Eero puts Pühaste’s longevity partly down to its conservative approach to growth. Still counting only ten employees on the brewery staff (so, not including the taprooms) it is a compact operation, which has strictly responded to organic demand, rather than betting on expansion. 

Despite the focus on stability, Eero hasn’t lost the outward-looking perspective that defined his early career, and the brewery is clearly part of the wider global craft community, with export still a significant chunk of its business. That international mindset recently took the team to Beijing for the Mikkeller Beer Celebration. It was an eye-opening experience for Eero, challenging preconceptions about the Asian beer scene. "China is a funny country... very controversial. But the craft beer scene there is unbelievably good," he says.

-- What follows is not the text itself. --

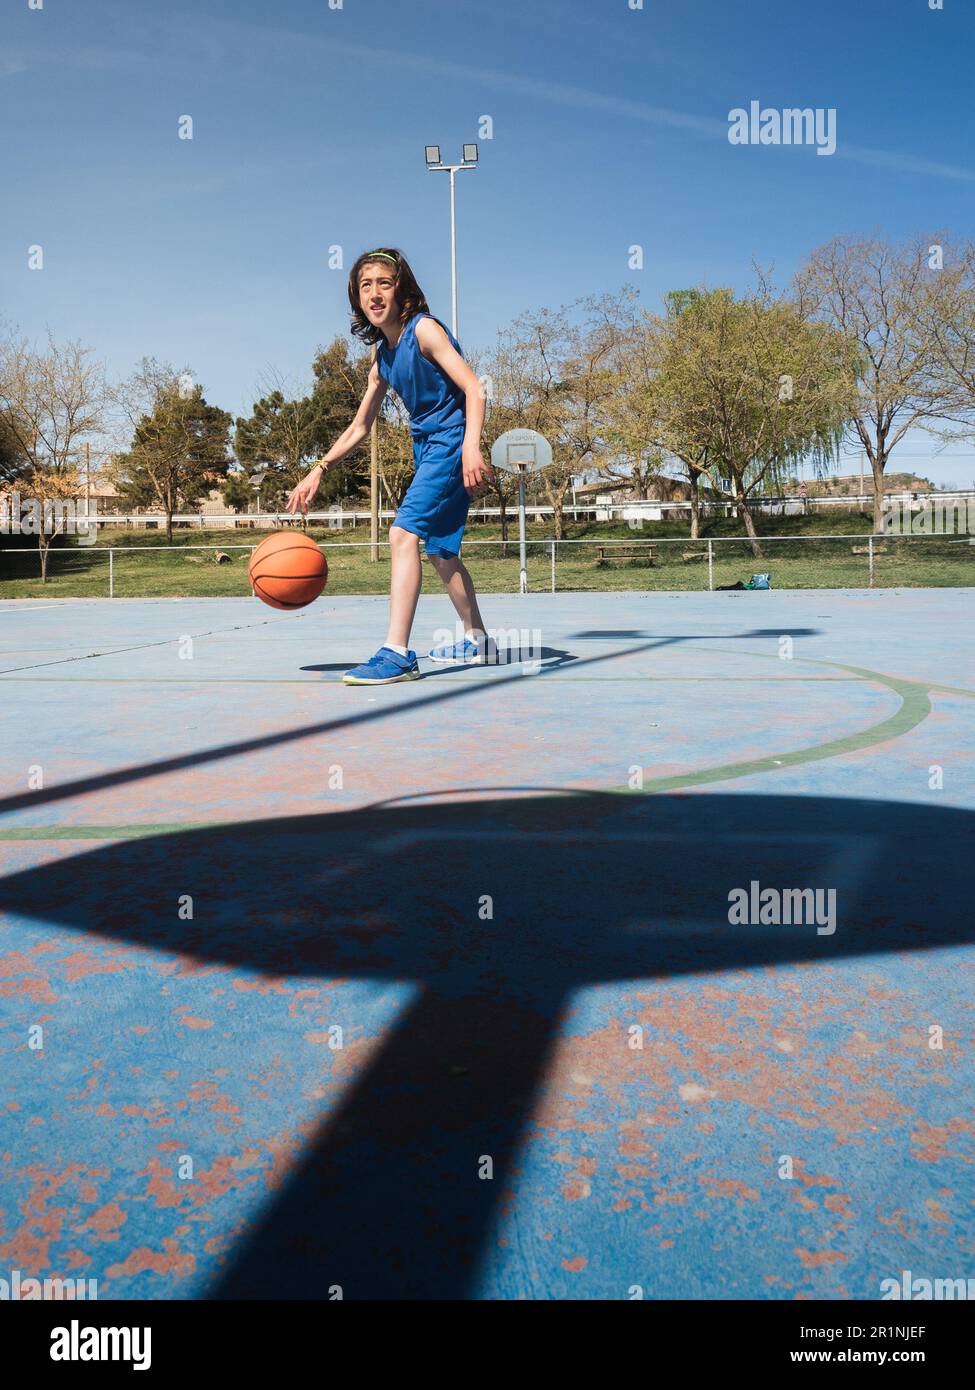 Un jeune joueur de basket-ball dans l'ombre du panier. Il rebondit le ballon sur le terrain extérieur. Banque D'Images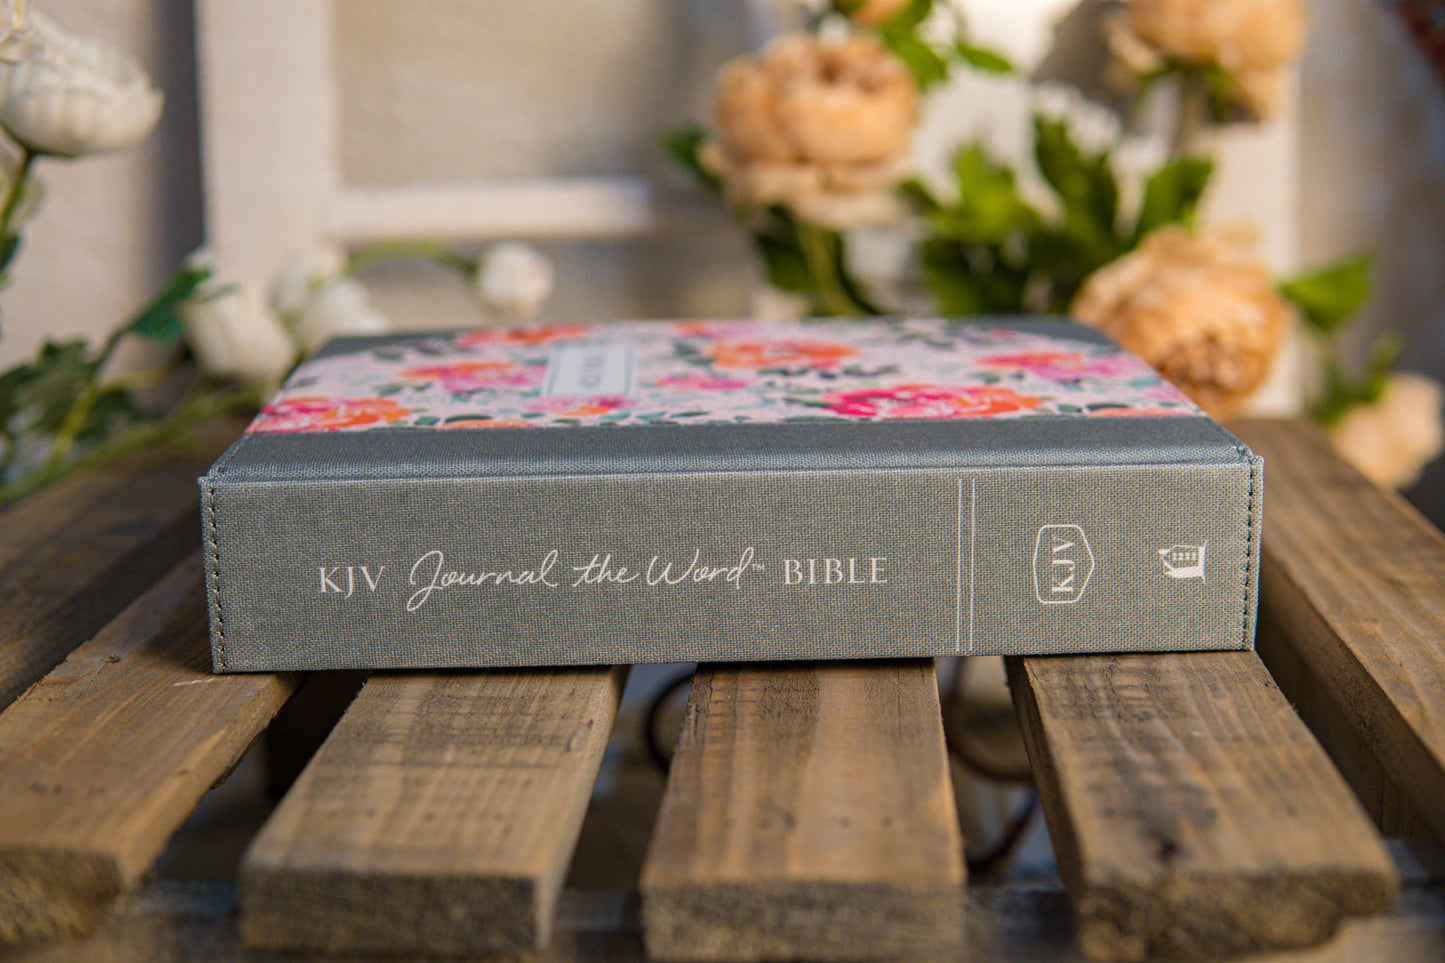 KJV White Floral Journal Bible

He describes a local scene in China that is producing world-class beer, moving beyond imitation of western styles and into genuine innovation, particularly in the use of local fruit and yeast strains. It’s these kinds of interactions that he continues to value most about the industry.

"The collaborative spirit in craft brewing is something unique," he says. "People are willing to share their most secret ideas with you… in fact not just willing, there’s a real passion to share and move things forward together.” For a brewer who started out scribbling ideas in a notebook, this open-source philosophy remains the engine of creativity.

Looking to the future, Eero’s ambitions are refreshingly grounded. When asked about the next five years, there is no talk of global domination or doubling capacity; he’d like to get closer to using the brewery’s available capacity if the market picks up, but there are other more important bottom lines to be measured. "I think just to keep myself, my business partner, and the crew here happy… that's the most important thing," he says. "It's not just all about growth, growth, growth for its own sake.”